Starting at the line that contains "b. The mean of X is", copy every line to the end of the material below exactly, and omit the pictures.

──────

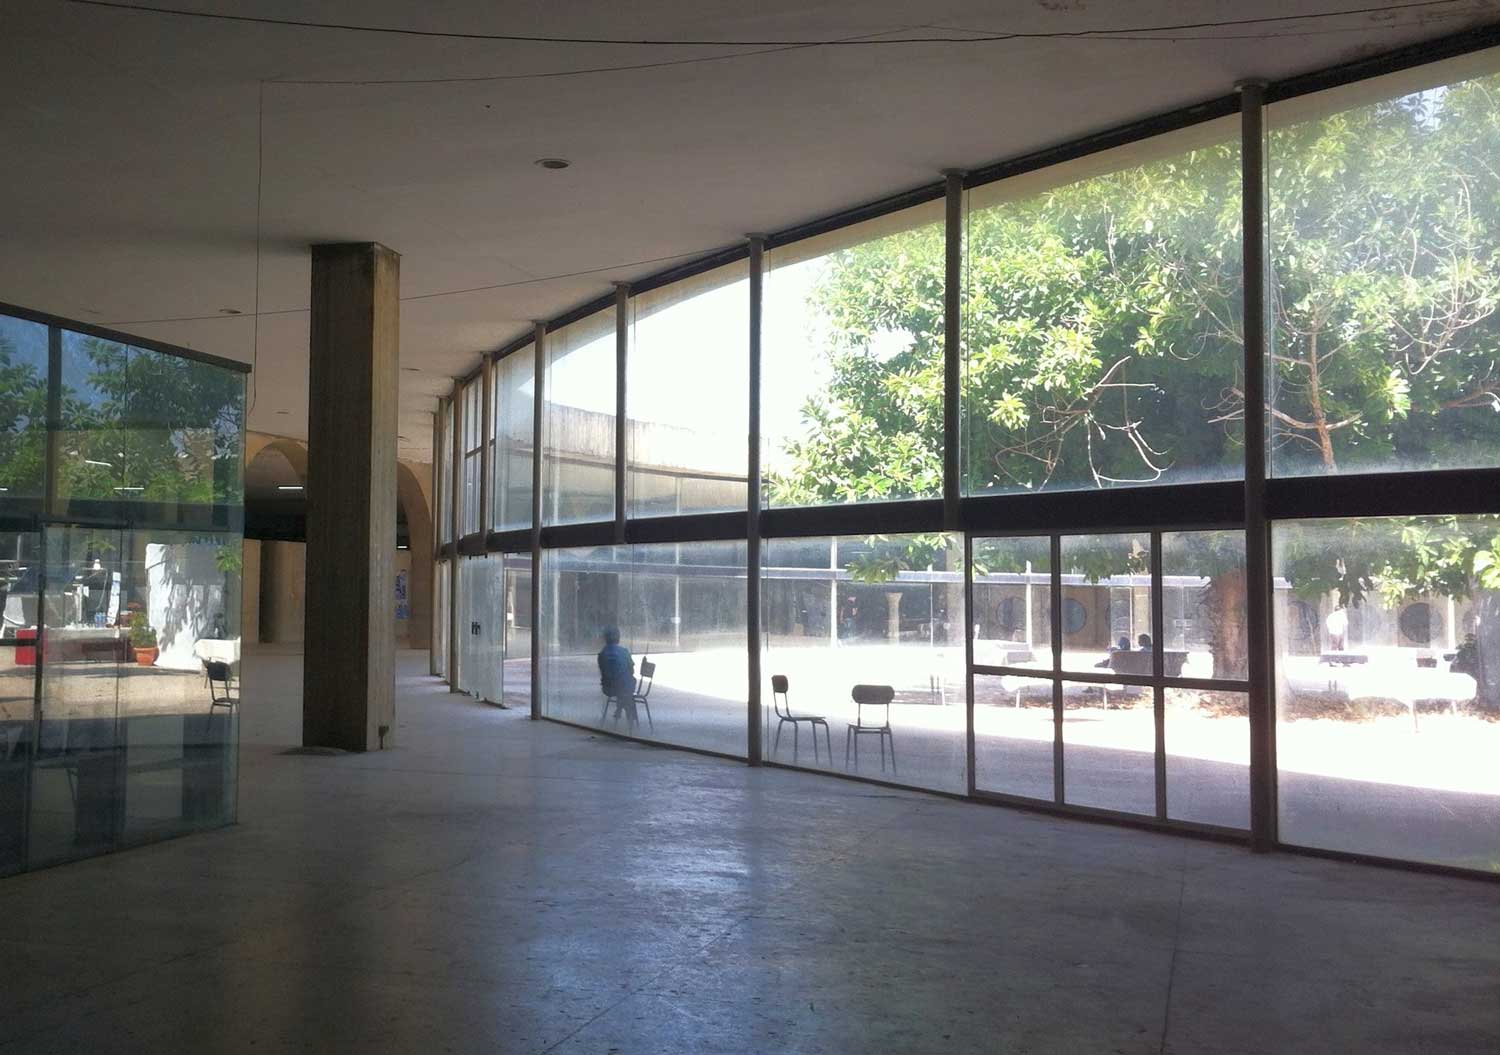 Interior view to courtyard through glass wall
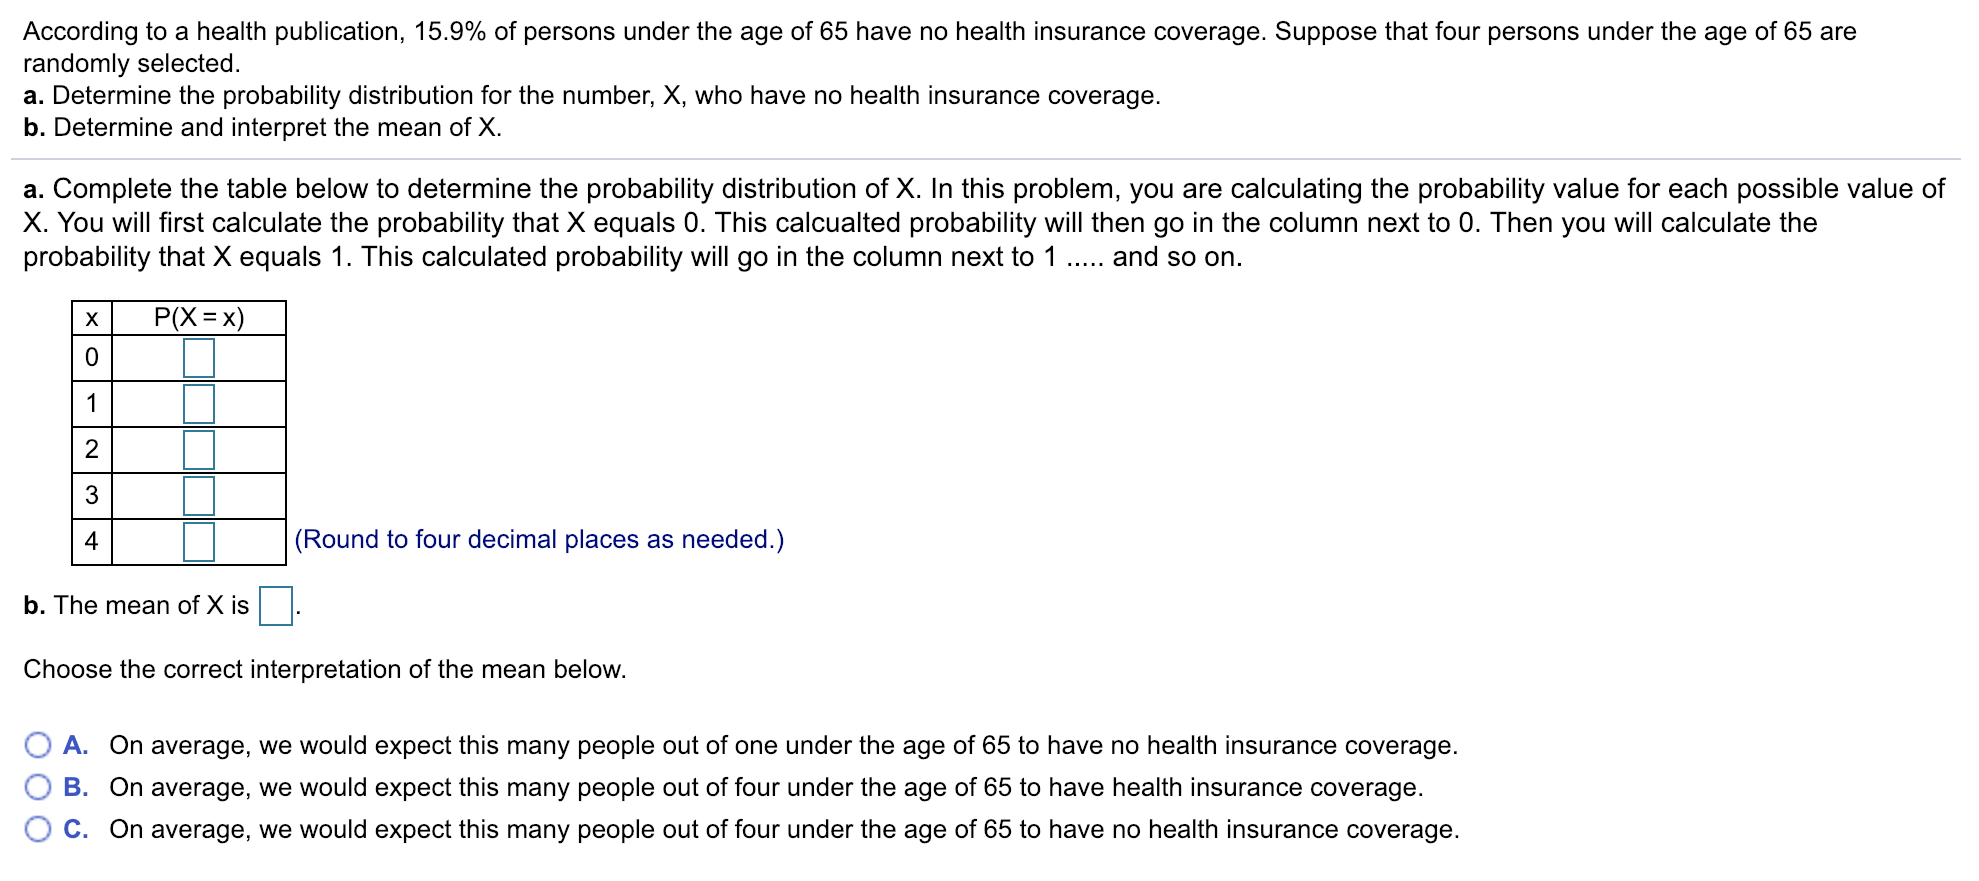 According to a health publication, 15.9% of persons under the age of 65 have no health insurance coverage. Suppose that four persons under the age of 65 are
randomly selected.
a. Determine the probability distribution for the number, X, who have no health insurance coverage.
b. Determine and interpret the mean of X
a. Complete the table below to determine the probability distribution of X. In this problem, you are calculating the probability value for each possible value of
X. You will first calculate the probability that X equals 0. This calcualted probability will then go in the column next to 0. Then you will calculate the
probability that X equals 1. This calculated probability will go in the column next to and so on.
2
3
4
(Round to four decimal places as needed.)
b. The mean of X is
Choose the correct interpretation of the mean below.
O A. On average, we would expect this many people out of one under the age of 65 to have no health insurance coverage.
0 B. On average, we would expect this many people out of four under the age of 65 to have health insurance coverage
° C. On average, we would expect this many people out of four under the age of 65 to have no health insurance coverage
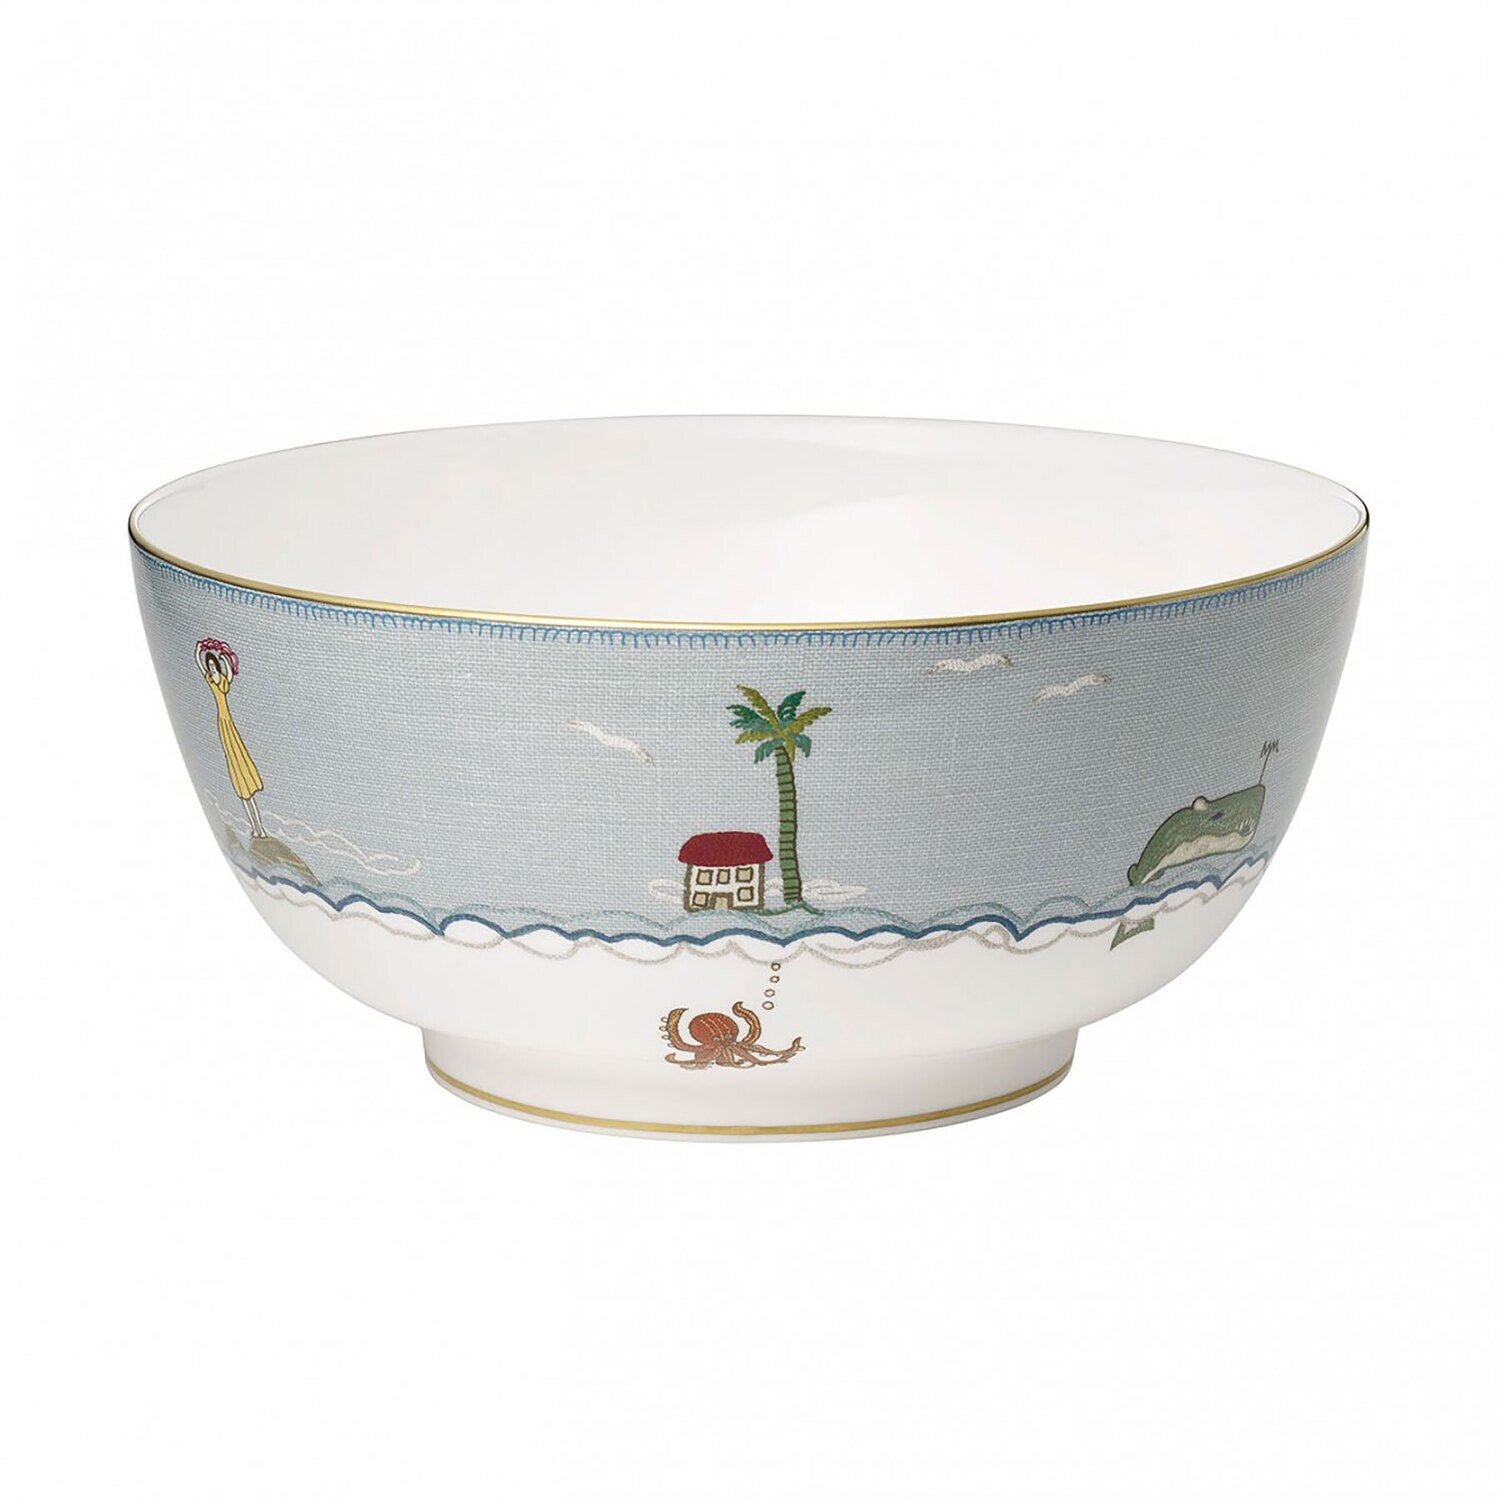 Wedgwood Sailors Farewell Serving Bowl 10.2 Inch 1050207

──────

WRITTEN SOLUTION ▸
b. The mean of X is
Choose the correct interpretation of the mean below.
O A. On average, we would expect this many people out of one under the age of 65 to have no health insurance coverage.
0 B. On average, we would expect this many people out of four under the age of 65 to have health insurance coverage
° C. On average, we would expect this many people out of four under the age of 65 to have no health insurance coverage
 Wedgwood Sailors Farewell Serving Bowl 10.2 Inch 1050207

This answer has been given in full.